**About this exercise**
Type out the lines below exactly, pictures excluded.

**Given information**
○ ○ ○
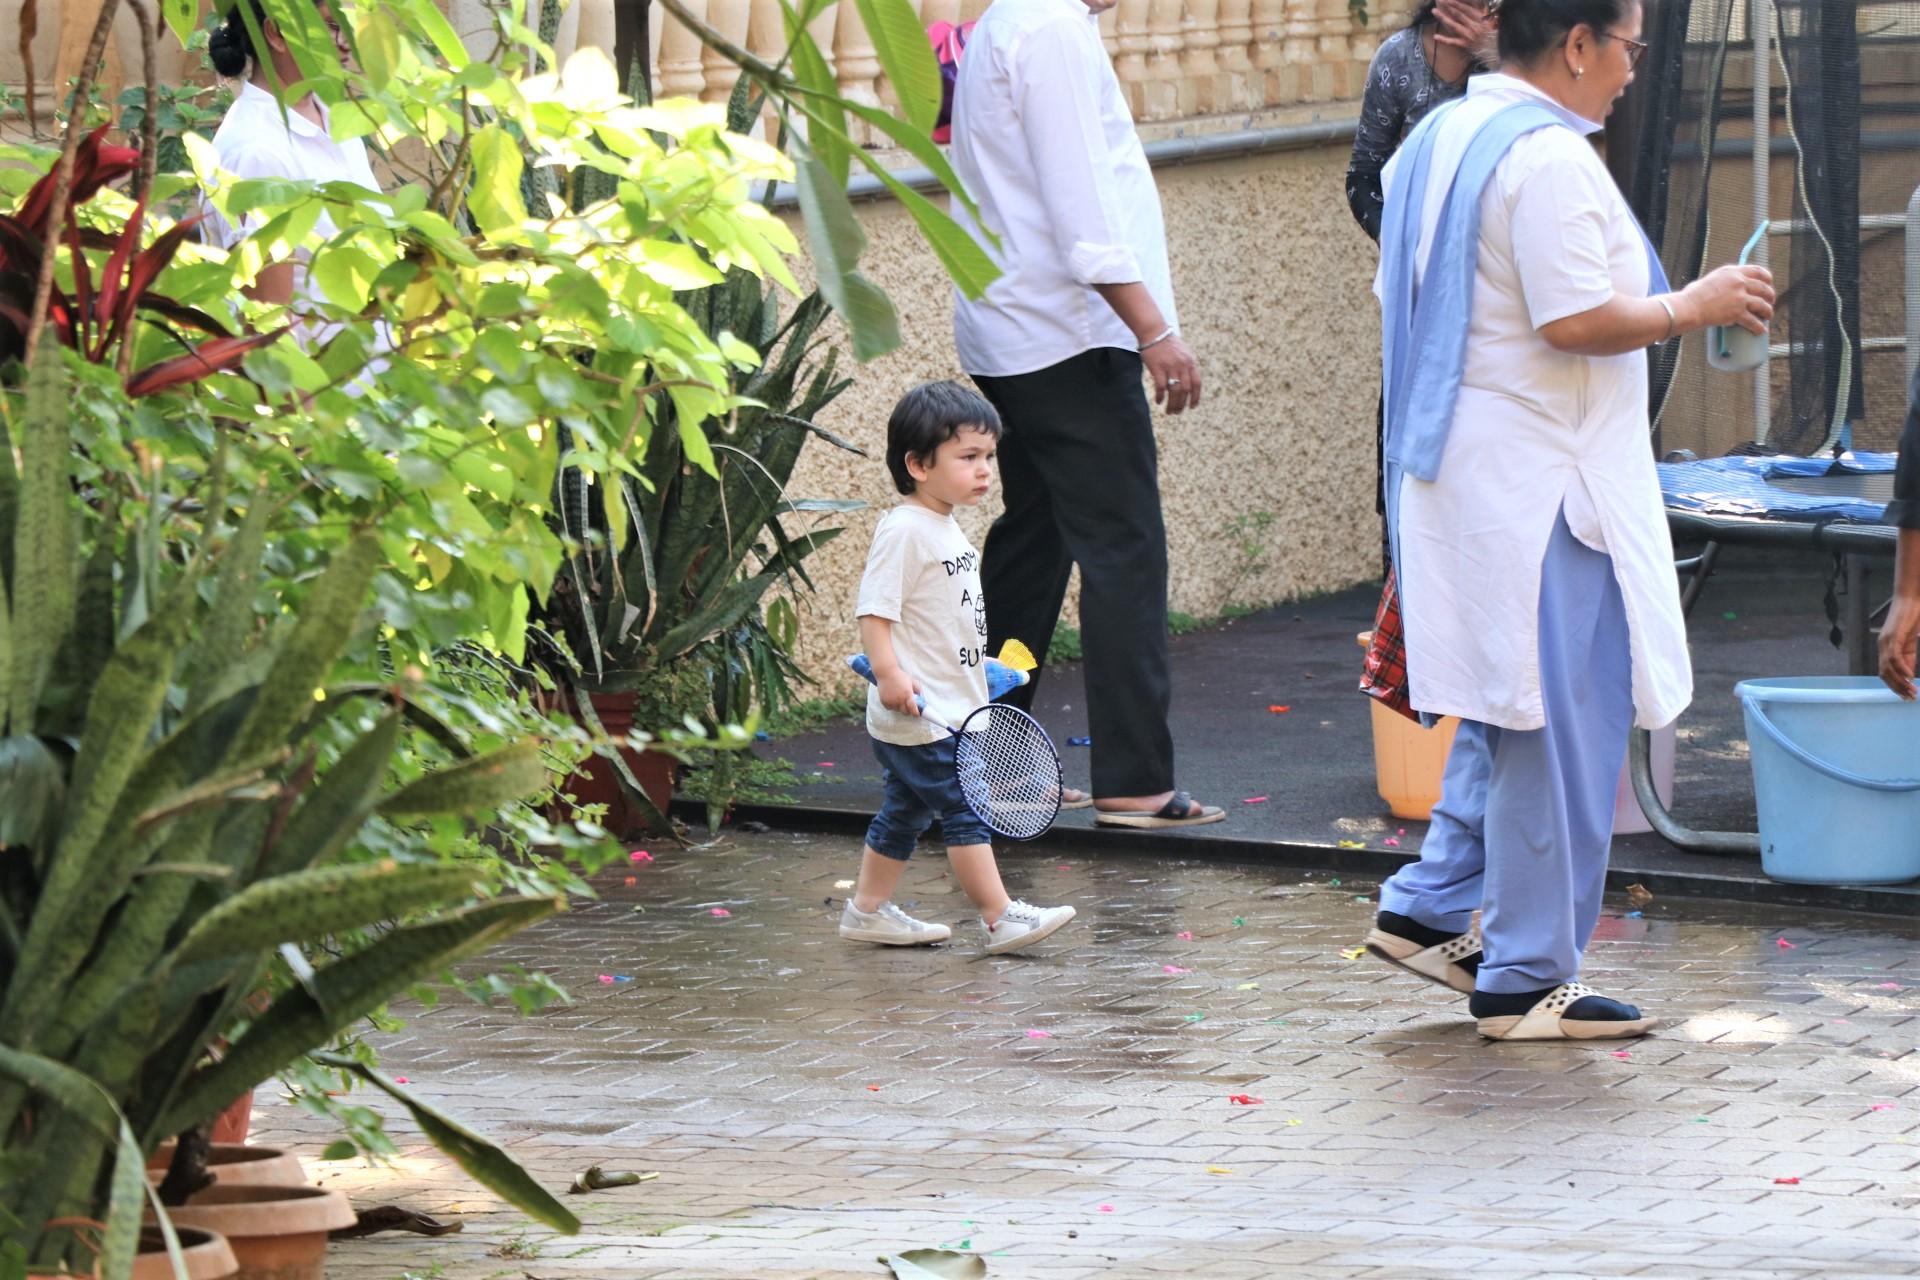 WATCH: Adorable Cousins Taimur Ali Khan and Inaaya Naumi Kemmu Have a Playdate Together!
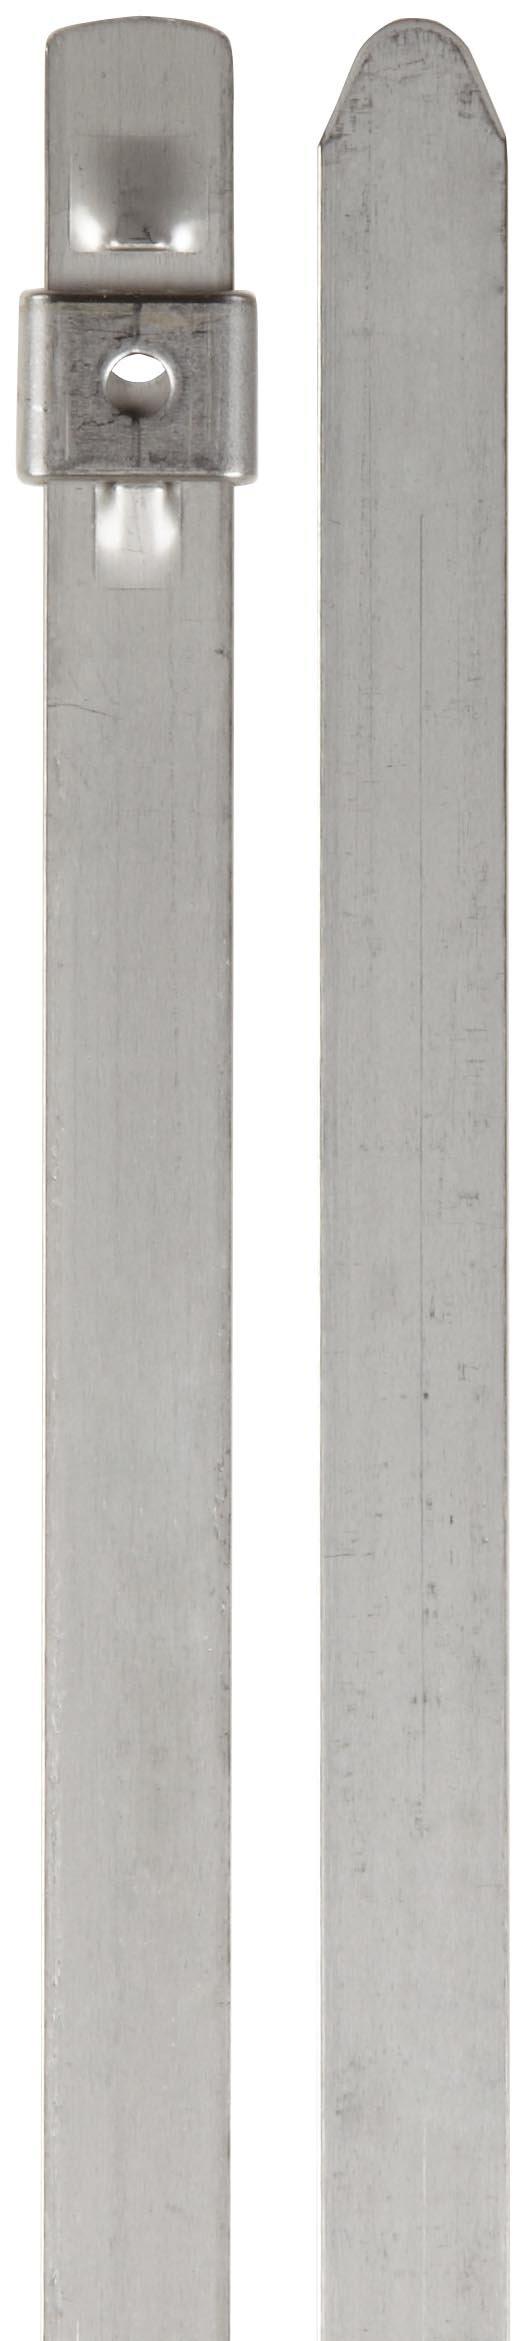 BAND-IT AS6239 Tie-Lok 304 Stainless Steel Cable Tie, 3/8'' Width, 17.5'' Length, 4'' Maximum Diameter, 100 per Bag
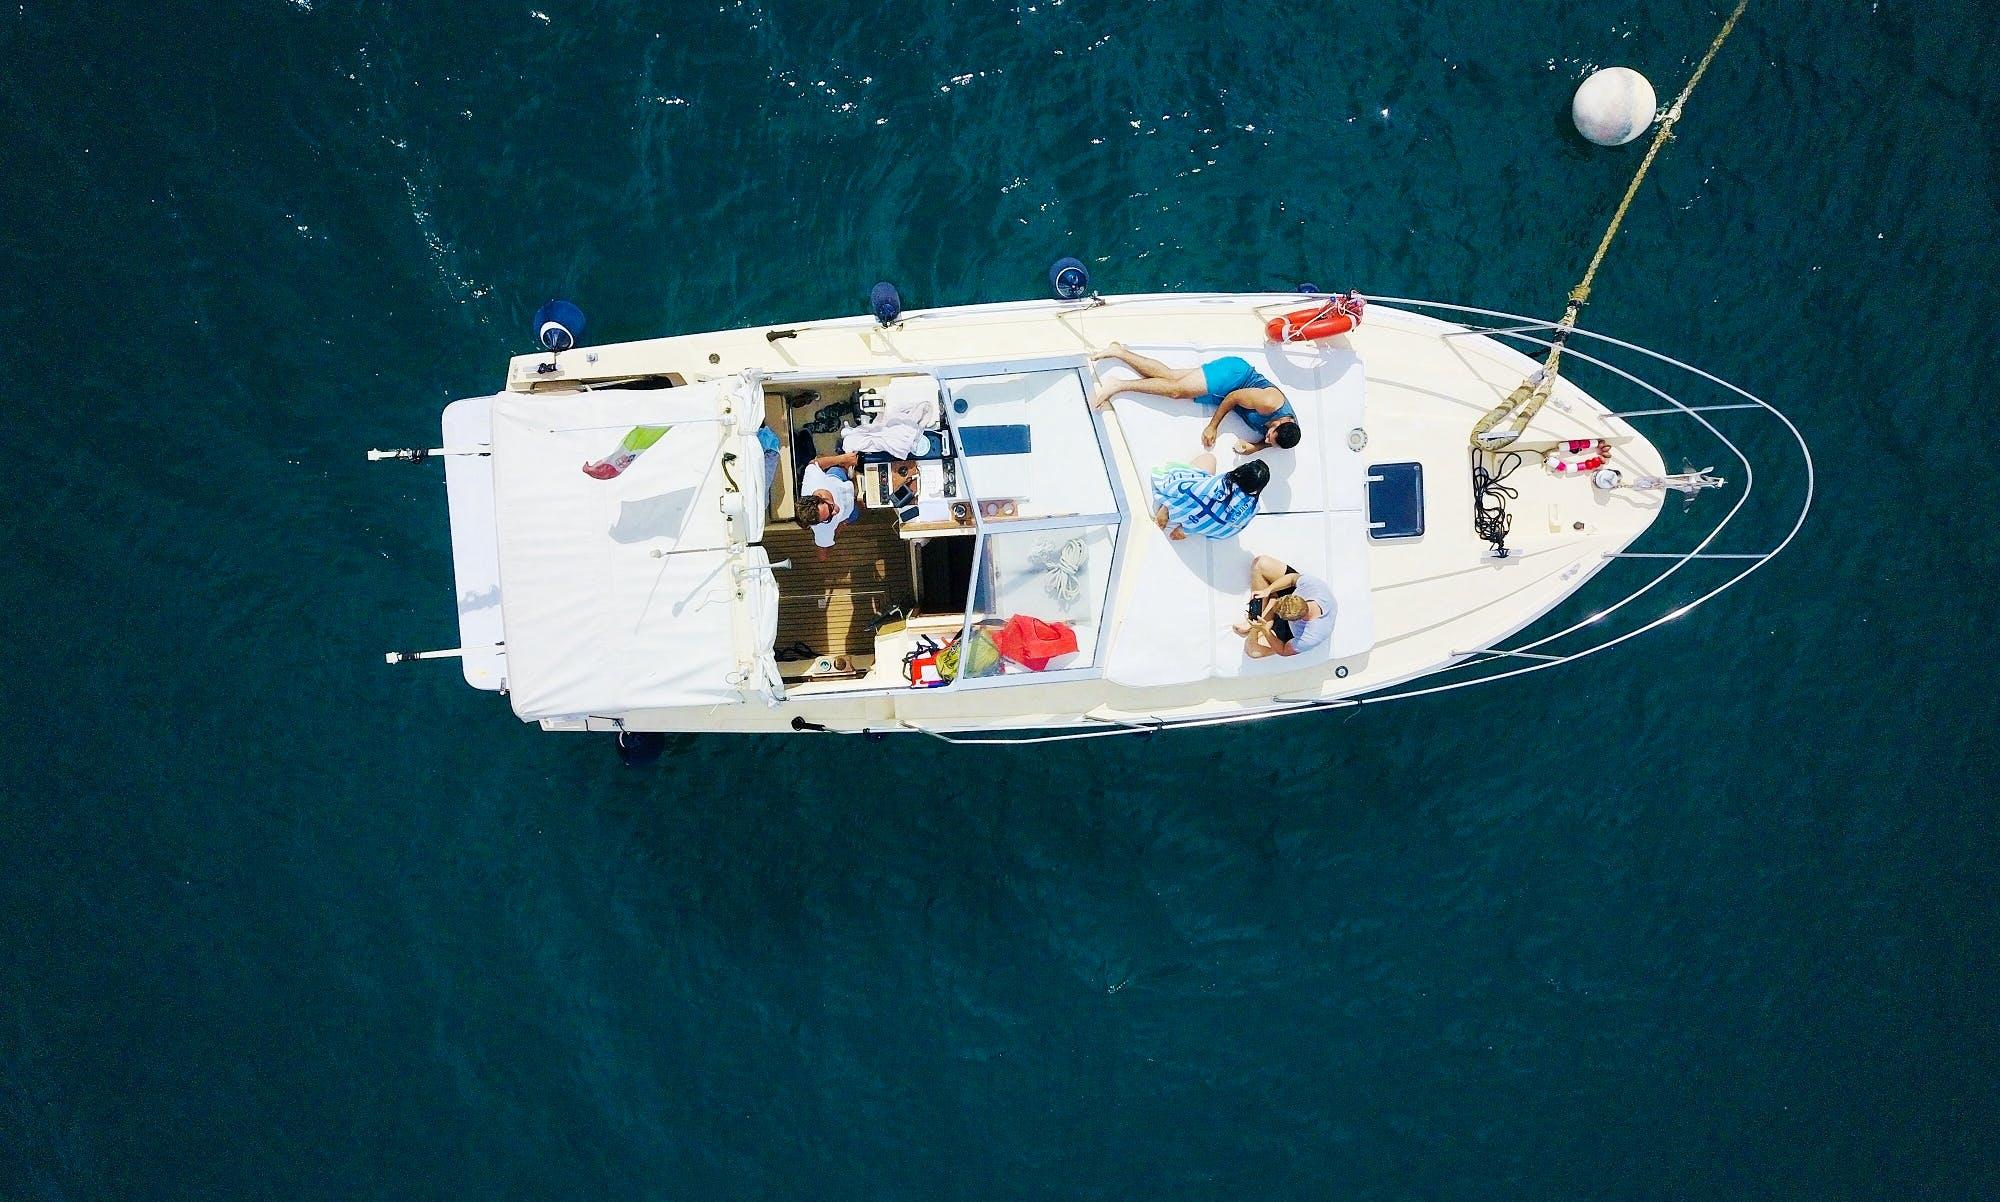 Monterosso al Mare Cruise aboard the Azimut 28 Motor Yacht
○ ○ ○
**Answer below**
 WATCH: Adorable Cousins Taimur Ali Khan and Inaaya Naumi Kemmu Have a Playdate Together!
 BAND-IT AS6239 Tie-Lok 304 Stainless Steel Cable Tie, 3/8'' Width, 17.5'' Length, 4'' Maximum Diameter, 100 per Bag
 Monterosso al Mare Cruise aboard the Azimut 28 Motor Yacht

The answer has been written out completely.